The purpose of this study is to evaluate clinical meaning of EEG changes in antipsychotic-treated patients with schizophrenia.

Schizophrenia affects cognition, emotion, and behavior. Neuropsychological assessment enables a better understanding of antipsychotic effectiveness and the brain processes, underlying cognitive functioning in schizophrenia. Neurocognitive deficits in schizophrenia patients appears to explain up to 61% of the variance of functional outcome and is an important predictor of social reintegration (Peuskens et al, 2005) and independent living activitiy (Green et al, 2004). Impaired social functioning within schizophrenia population has been associated with increased health-care costs. Since social and occupational disability may generate the largest indirect costs of the illness, treatment of cognitive deficits has an enormous impact on the cost and disability associated with schizophrenia (McGurk and Mueser, 2004).

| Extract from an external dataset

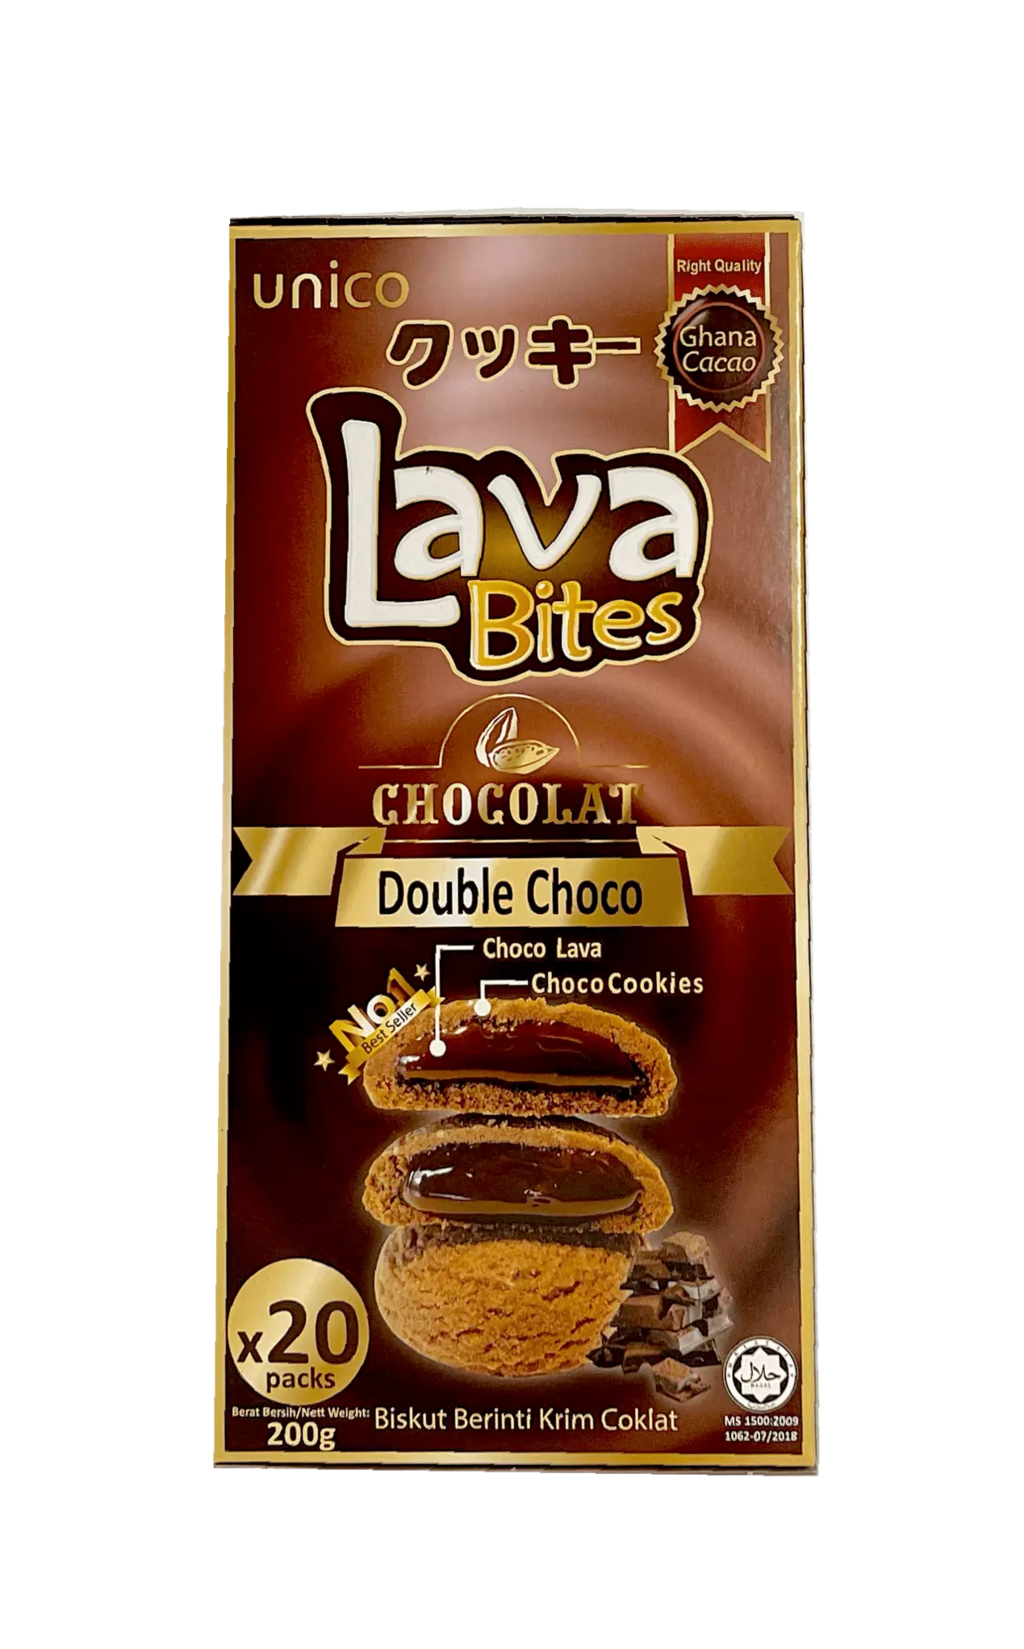 爆浆曲奇饼干 双层巧克力风味 200g My Lava Bites Unico 马来西亚

However, the gap between cognitive science and clinical practice limits the implementation of cognitive assessment in the routine evaluation of schizophrenia patients. Pharmaceutical industry initiated numerous large scale, multisite studies on the impact of novel antipsychotics on cognitive deficits in schizophrenia patients. The aim of this research is to develop population norms of the computerized neuropsychological assessment for effectiveness of the antipsychotic treatment in schizophrenia.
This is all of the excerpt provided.